> **Task directions**
Print the records exactly as written, and let no picture into the answer.

> **Given information**
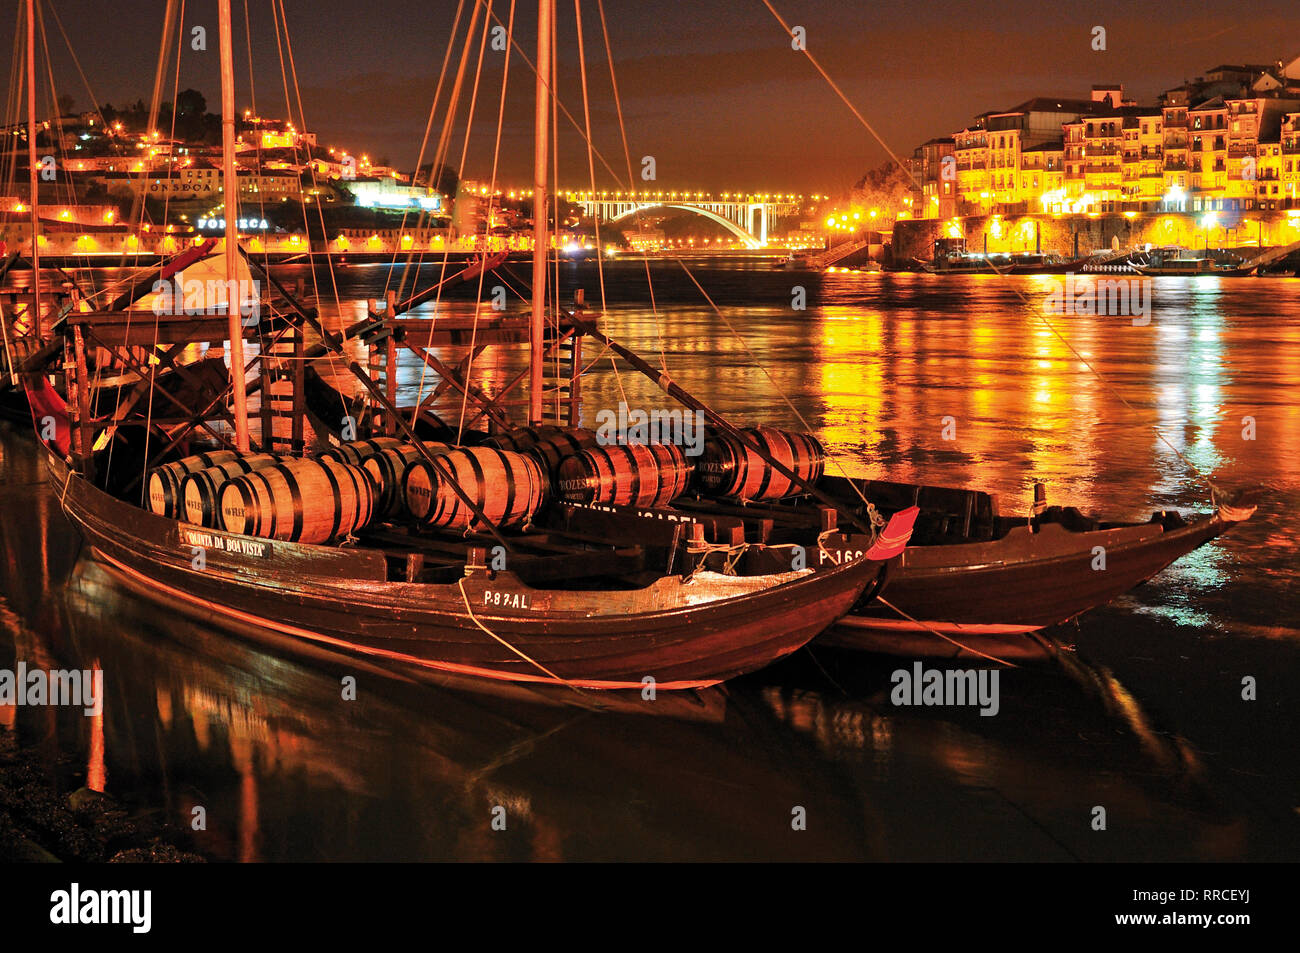 Puerto histórico con barriles de vino vino barcos anclados en el río Duero por la noche Foto de stock
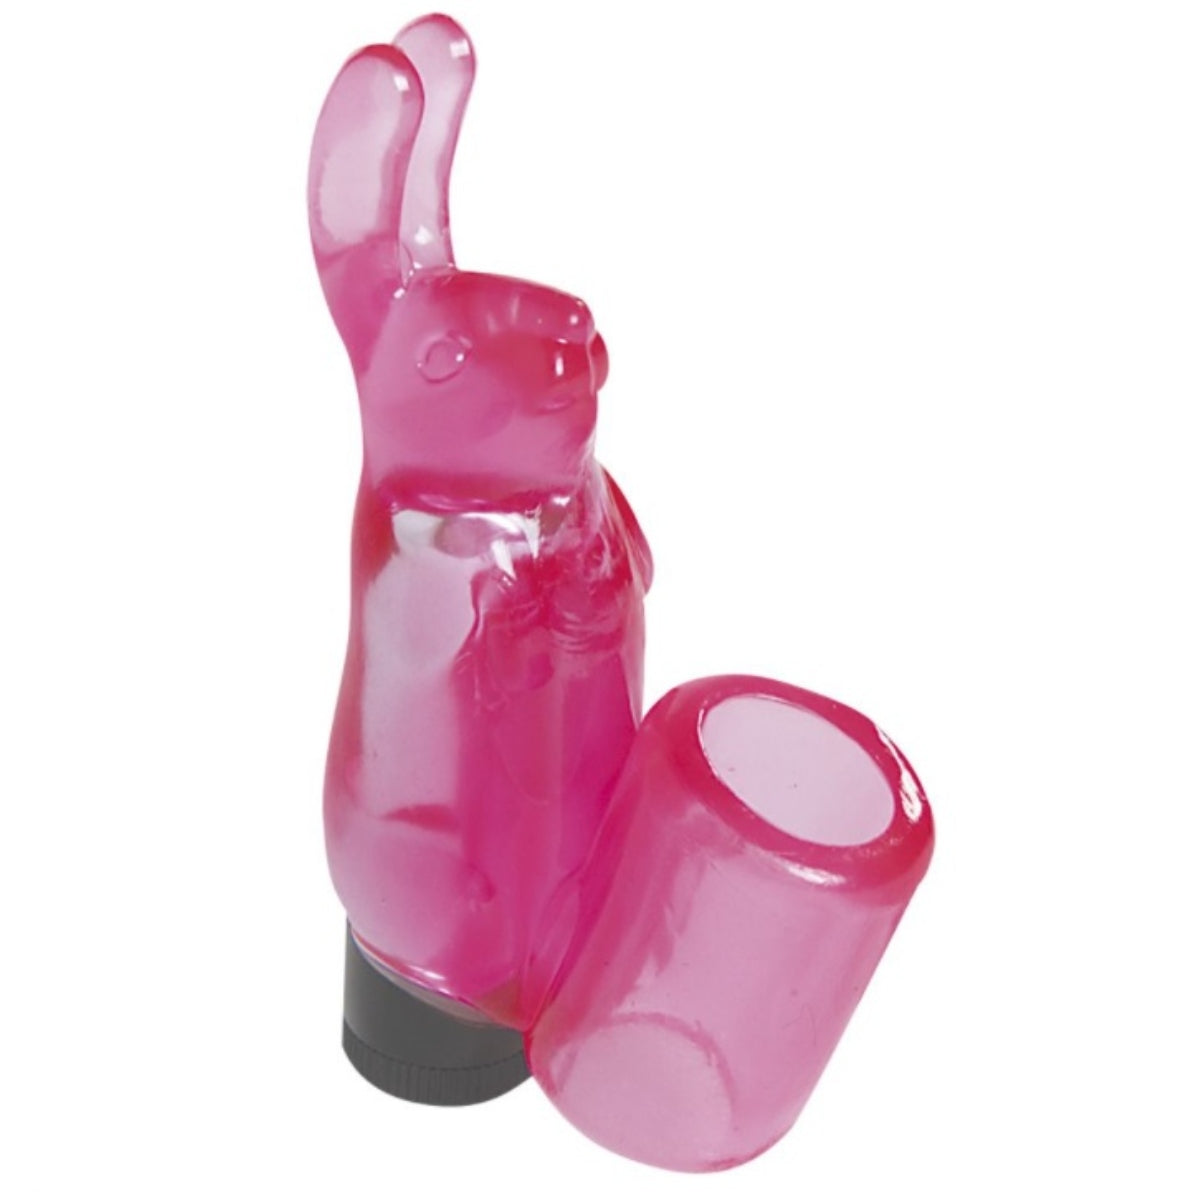 Me You Us Mini Bunny Finger Vibrator Pink - Simply Pleasure
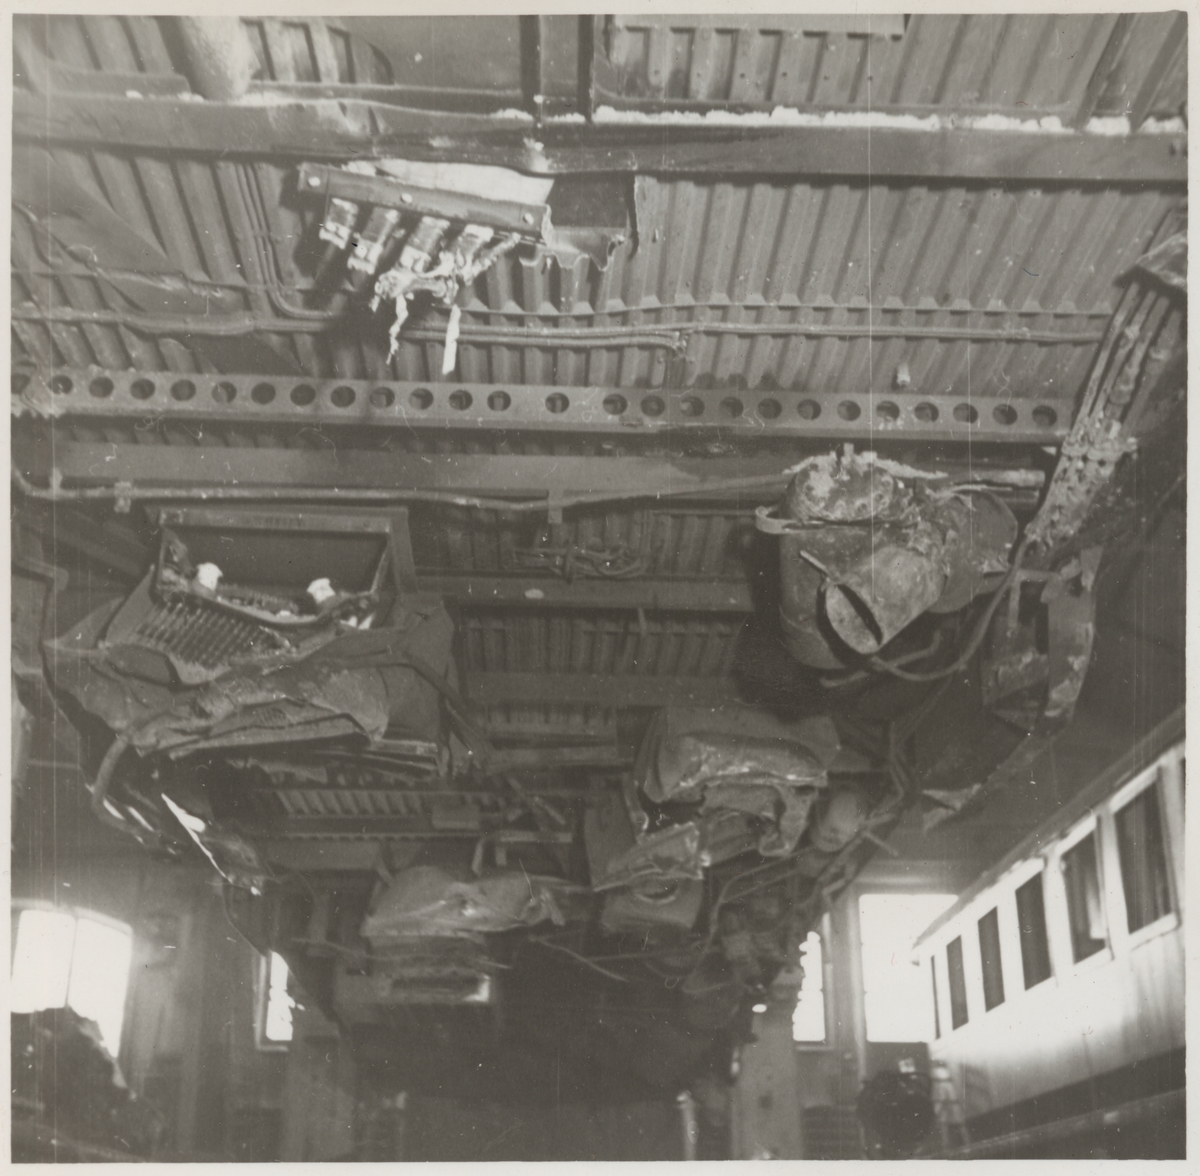 Skador i underredet på A-vagnen efter olycka vid hållplatsen Arket 1951.
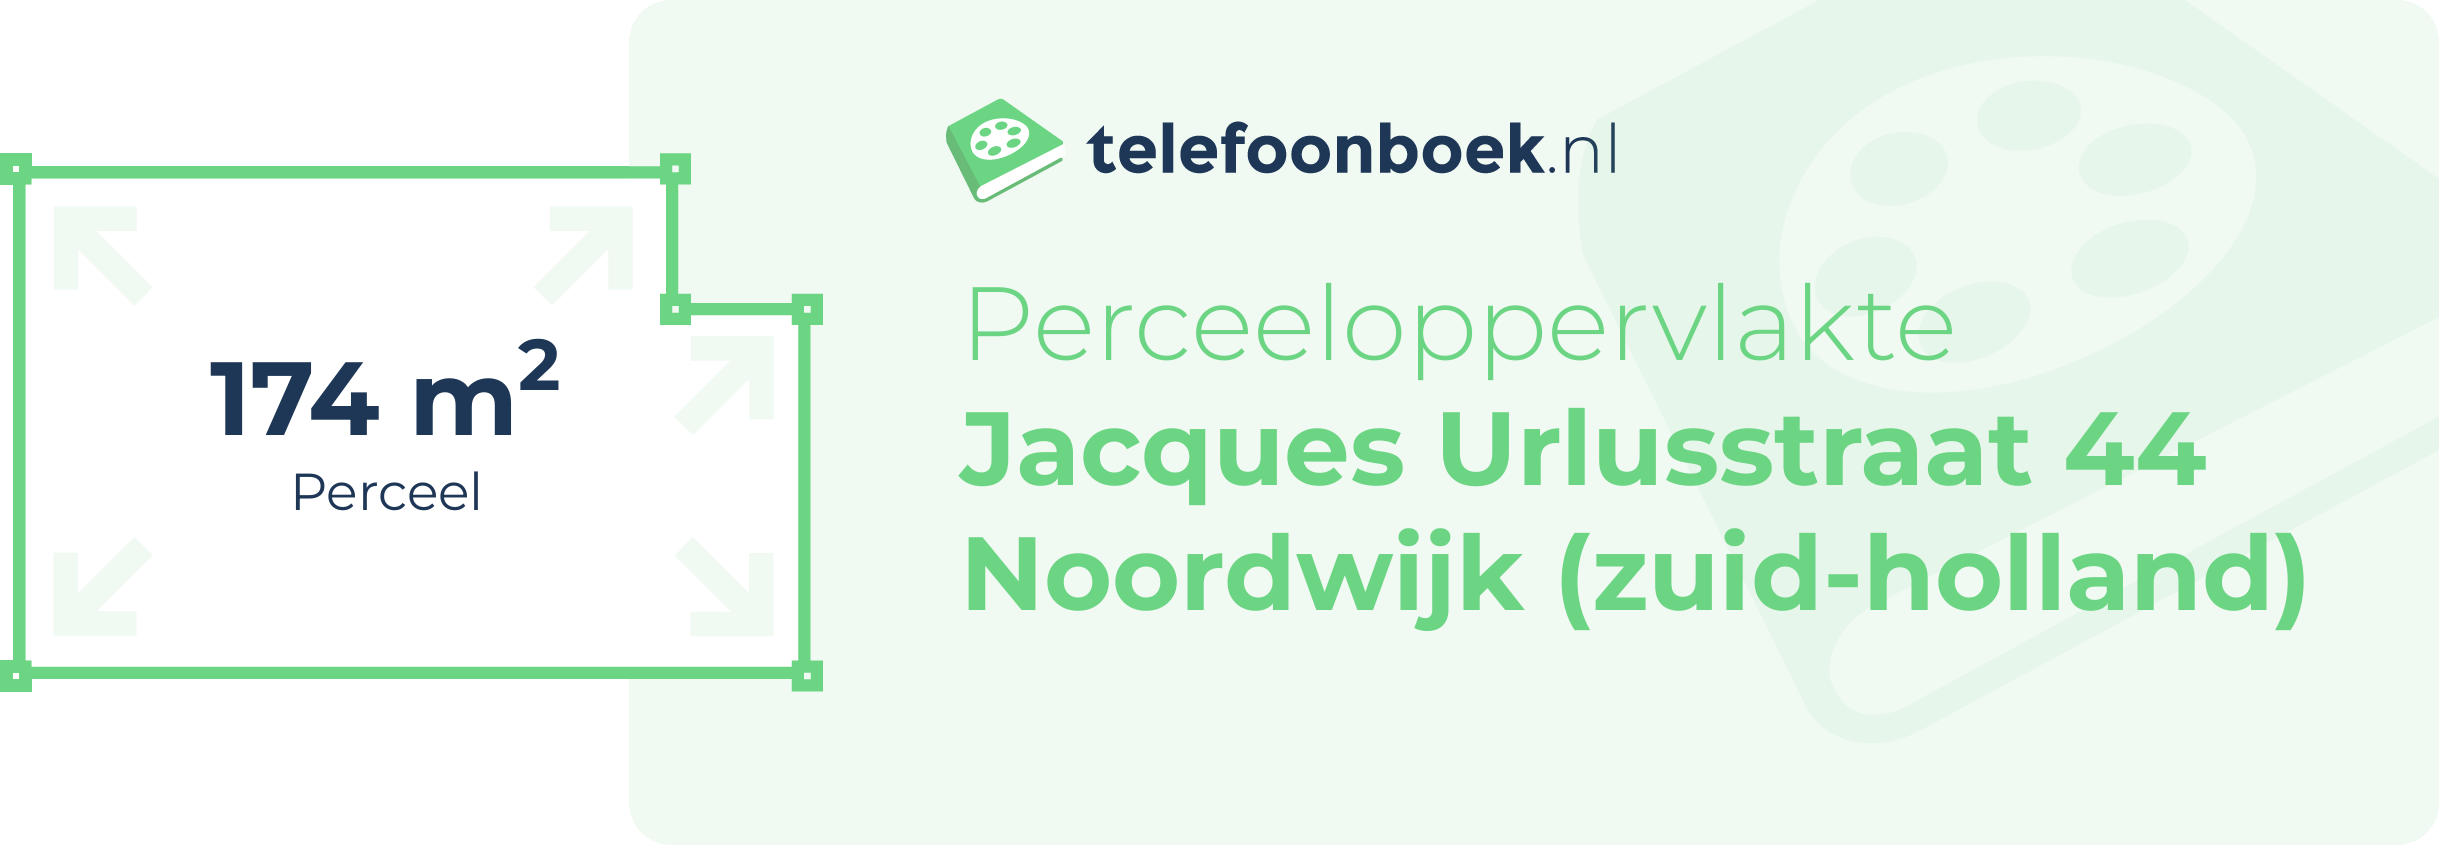 Perceeloppervlakte Jacques Urlusstraat 44 Noordwijk (Zuid-Holland)
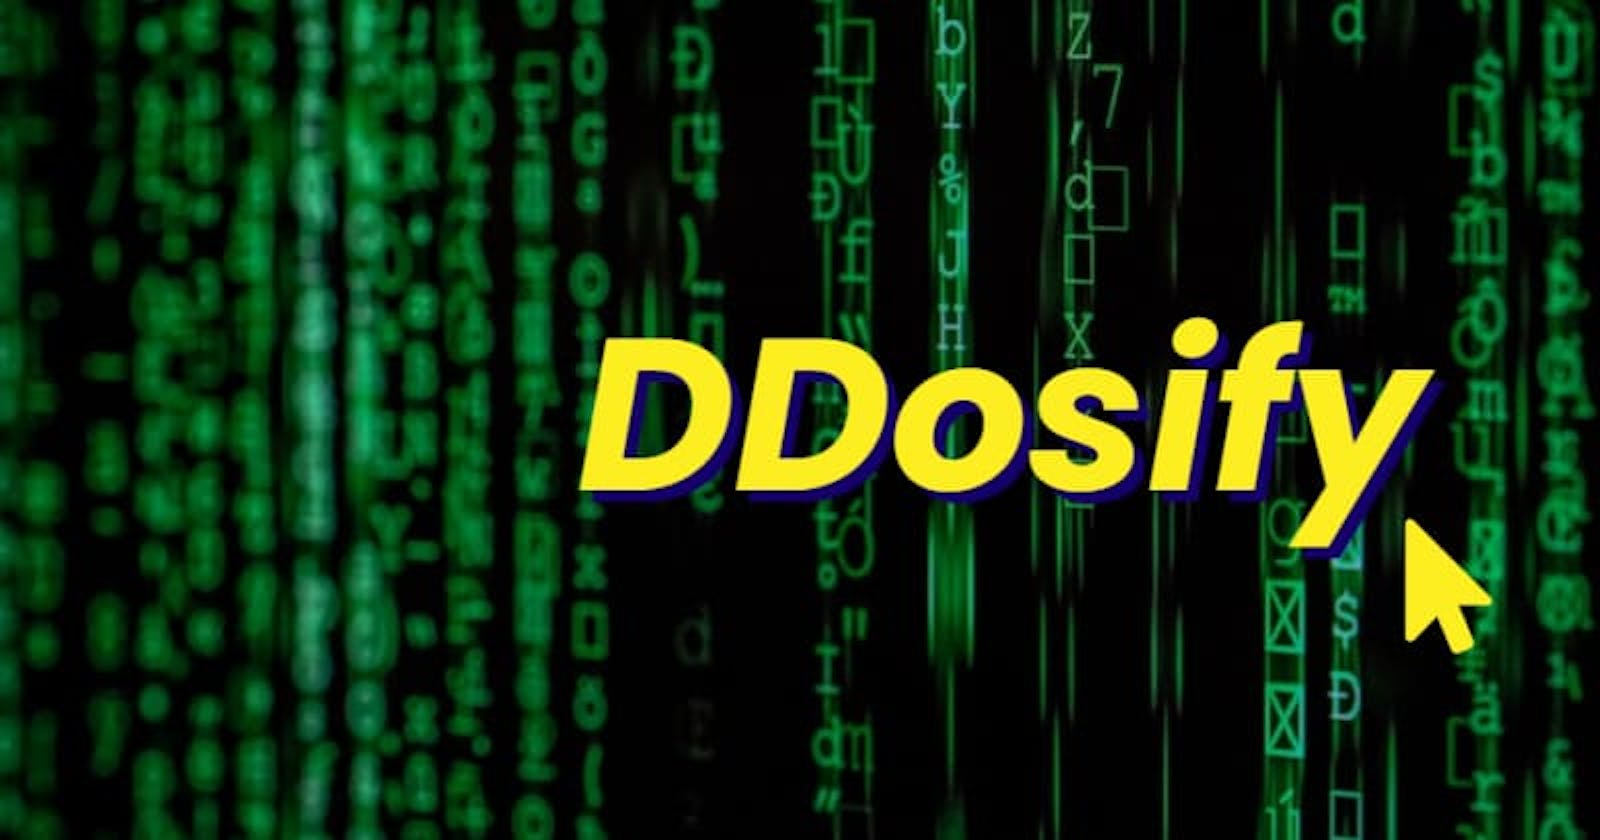 Ddosify : High-performance load testing tool

> **Result of this task**
 Puerto histórico con barriles de vino vino barcos anclados en el río Duero por la noche Foto de stock
 Me You Us Mini Bunny Finger Vibrator Pink - Simply Pleasure
 Skador i underredet på A-vagnen efter olycka vid hållplatsen Arket 1951.
 Perceeloppervlakte Jacques Urlusstraat 44 Noordwijk (Zuid-Holland)
 Ddosify : High-performance load testing tool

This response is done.